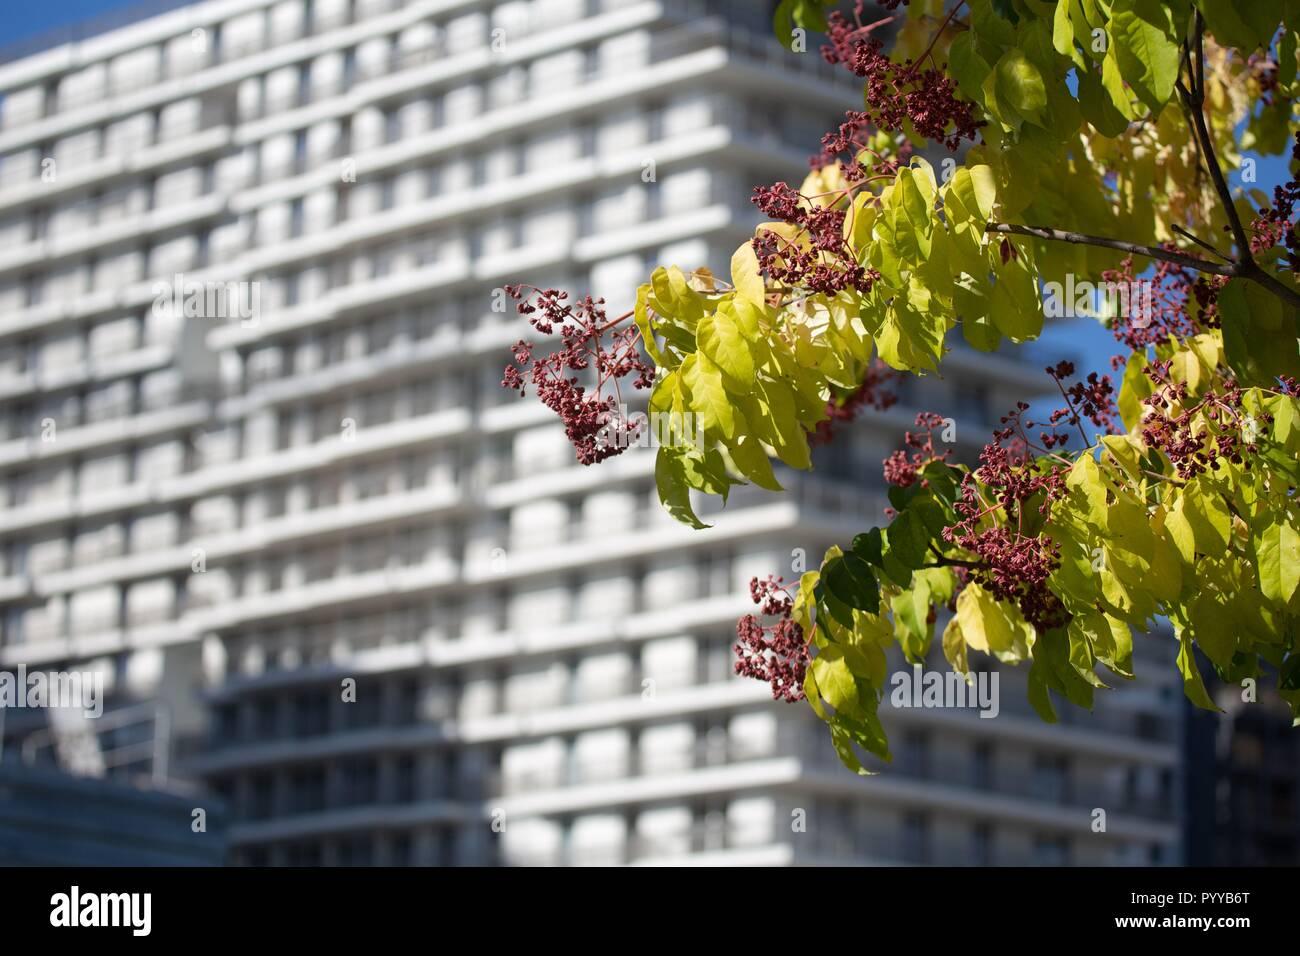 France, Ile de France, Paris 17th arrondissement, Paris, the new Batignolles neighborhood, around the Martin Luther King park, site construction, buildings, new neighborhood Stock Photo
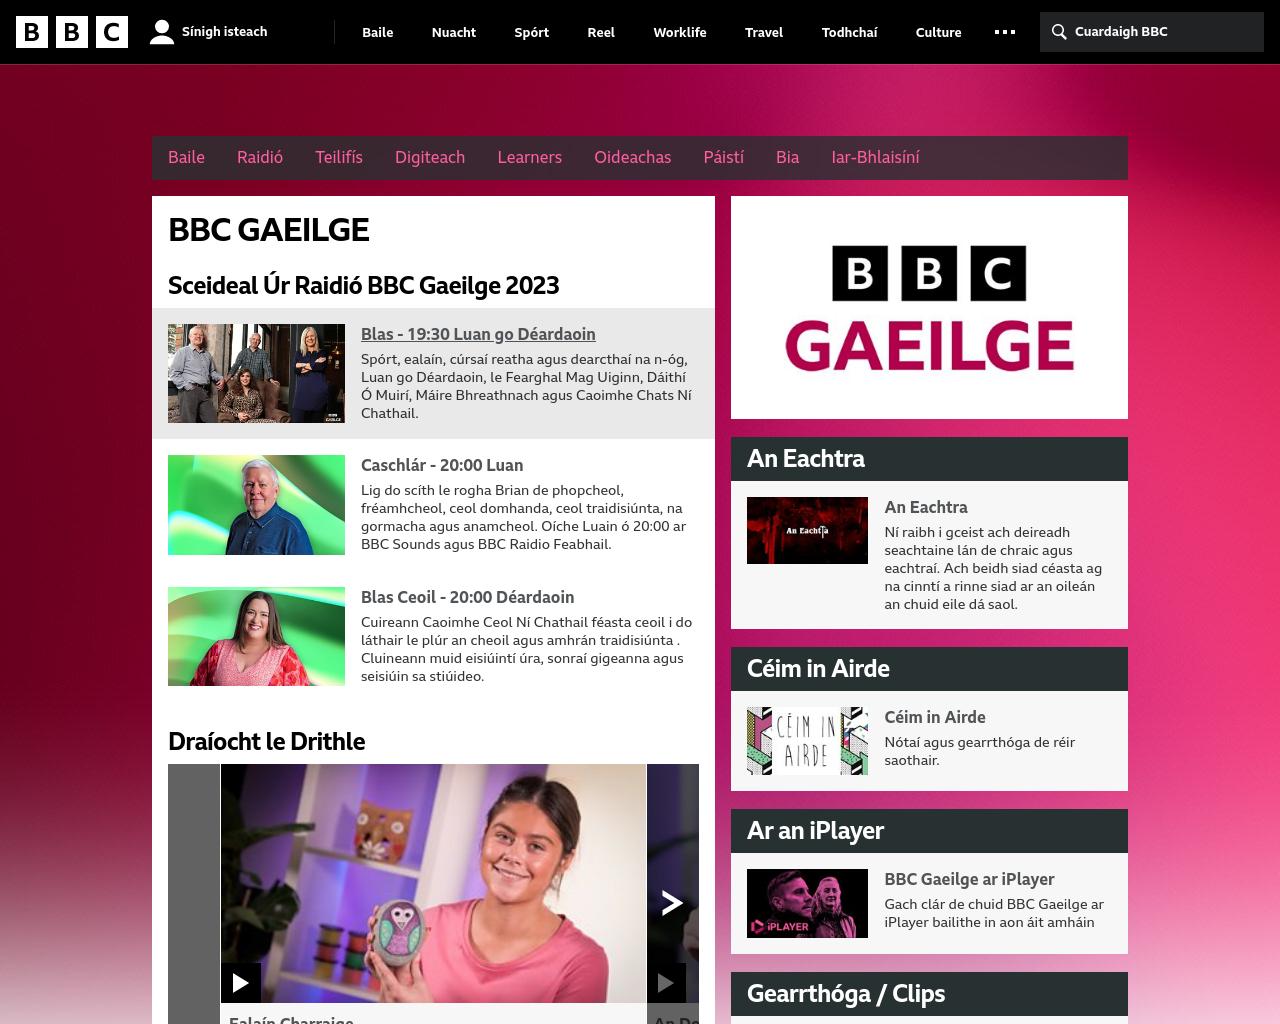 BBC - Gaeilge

....

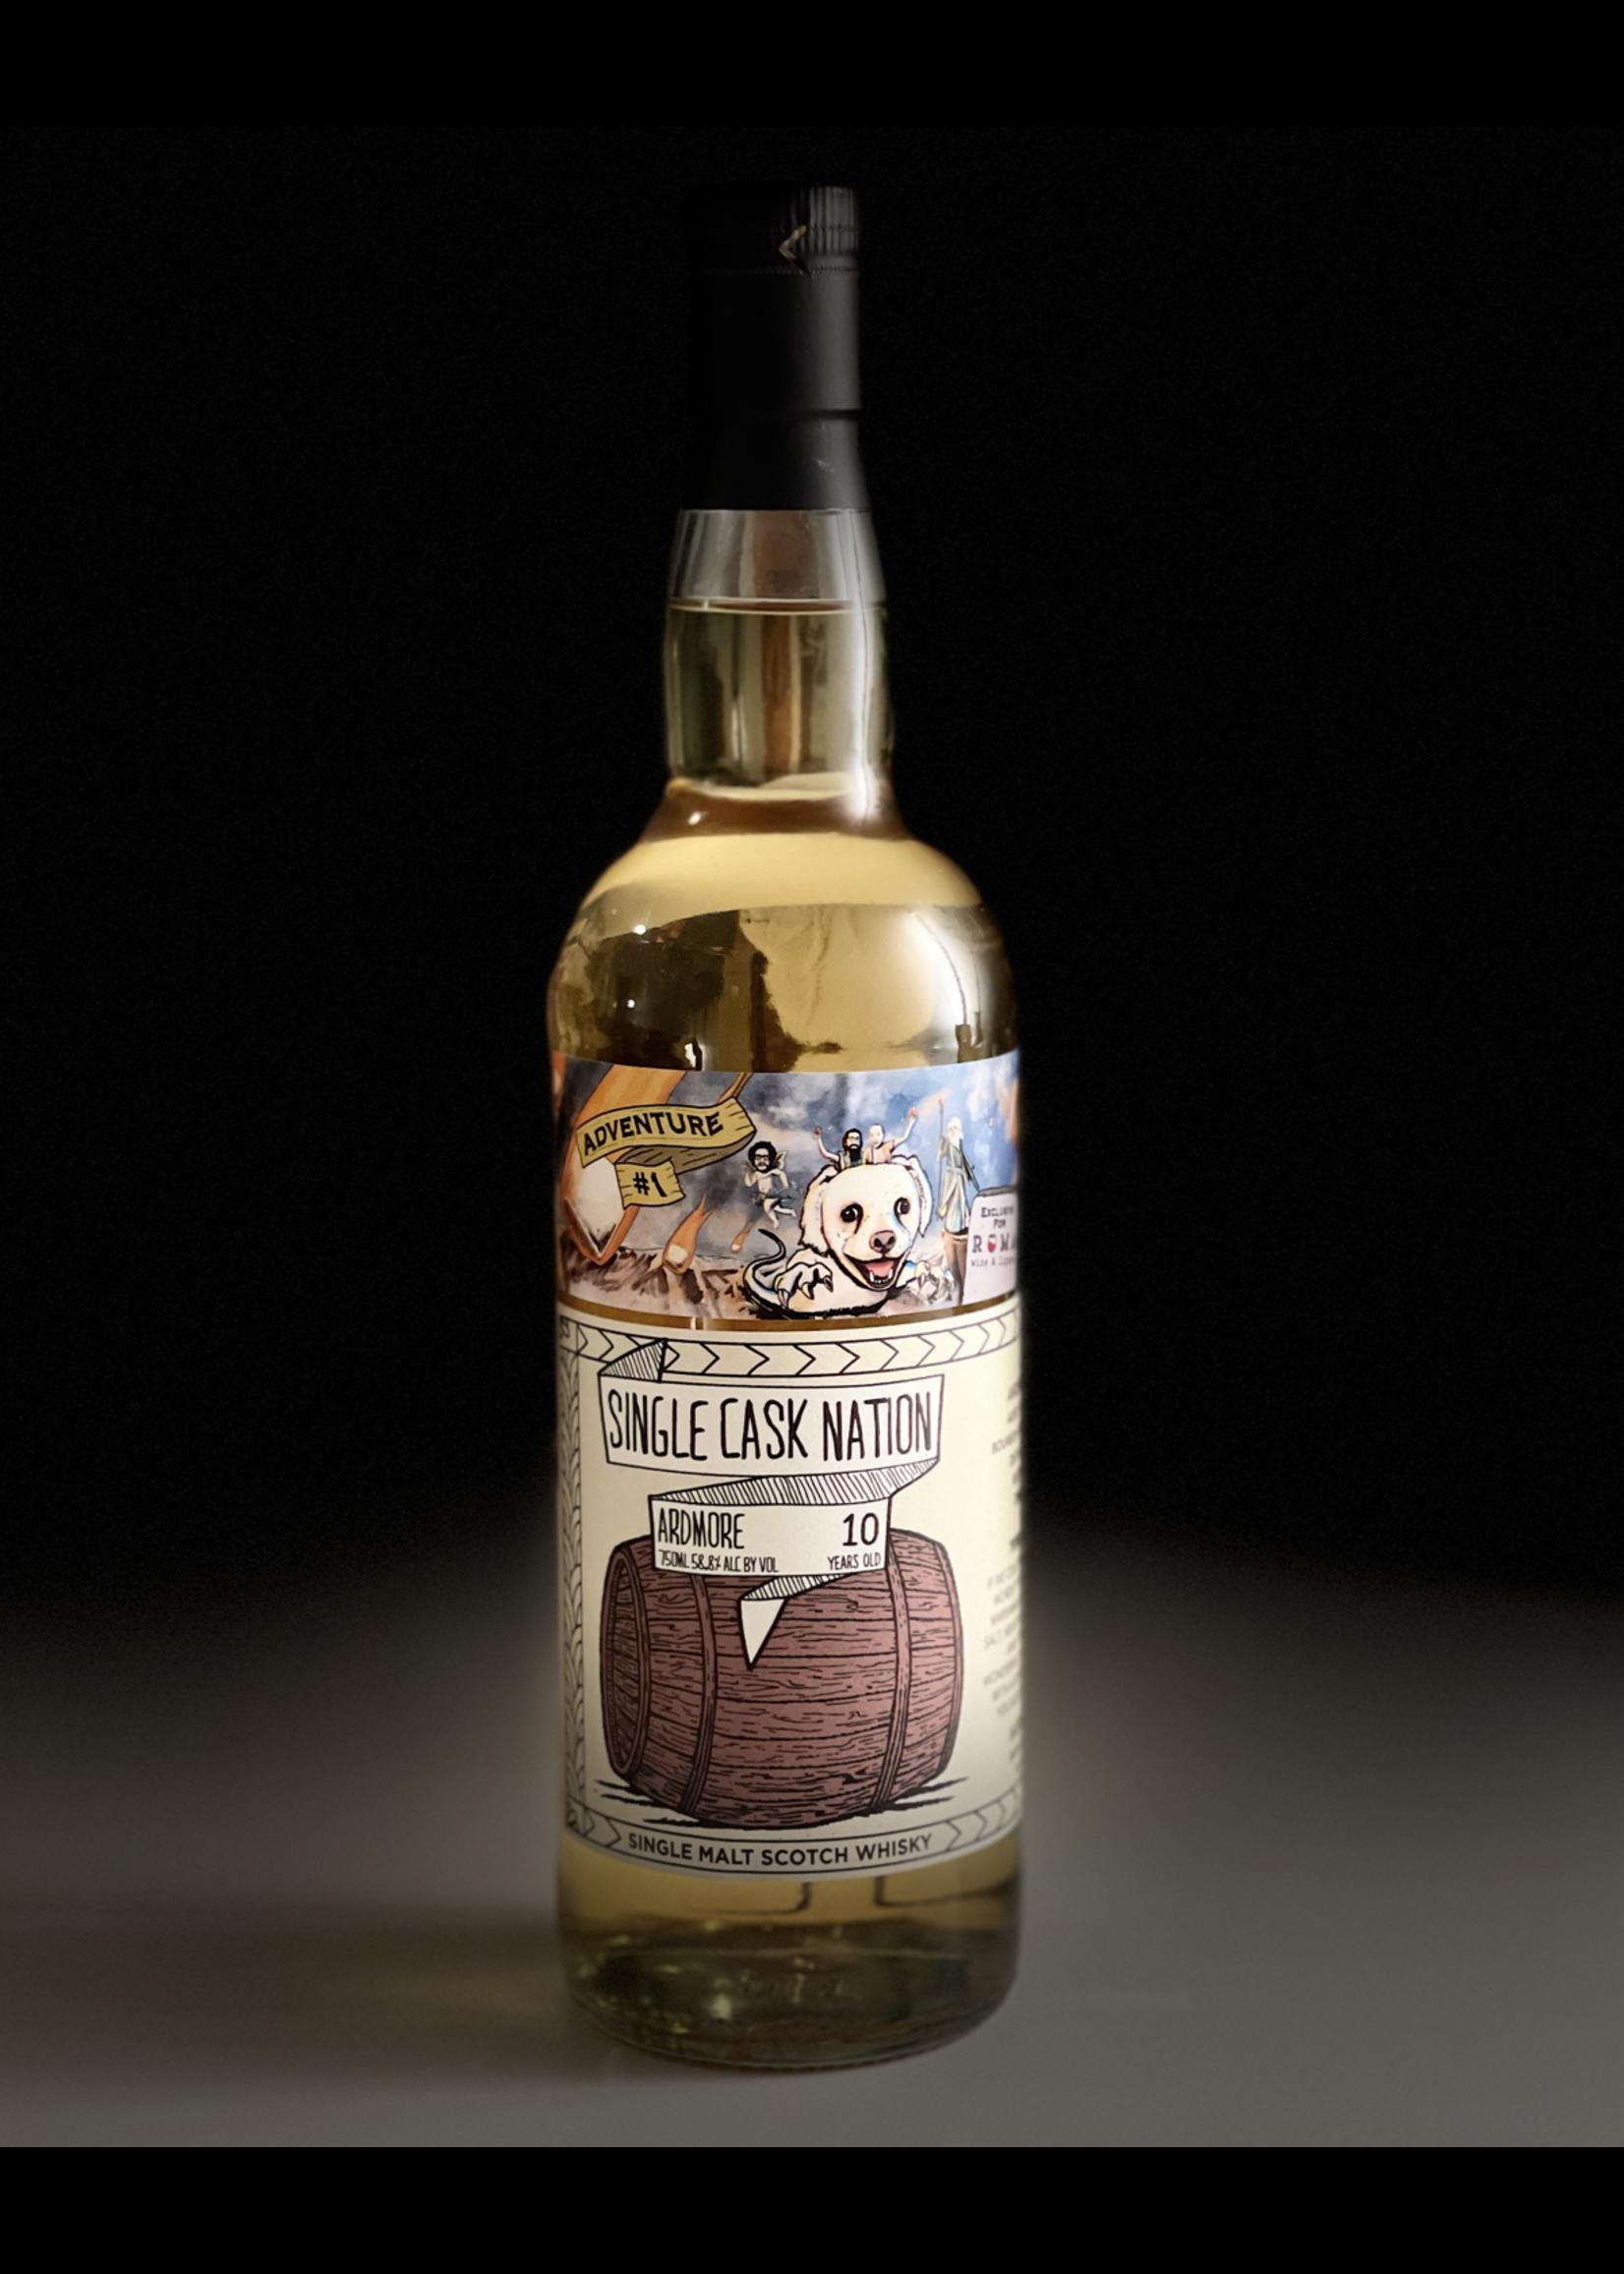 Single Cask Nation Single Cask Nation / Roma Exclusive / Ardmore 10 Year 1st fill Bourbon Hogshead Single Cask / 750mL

....

Problem statement - Extract from the material above the stretch running from the line containing "France, Ile de" through the line containing "BBC - Gaeilge". Keep the text exact and the pictures out.

Task response -
 France, Ile de France, Paris 17th arrondissement, Paris, the new Batignolles neighborhood, around the Martin Luther King park, site construction, buildings, new neighborhood Stock Photo
 BBC - Gaeilge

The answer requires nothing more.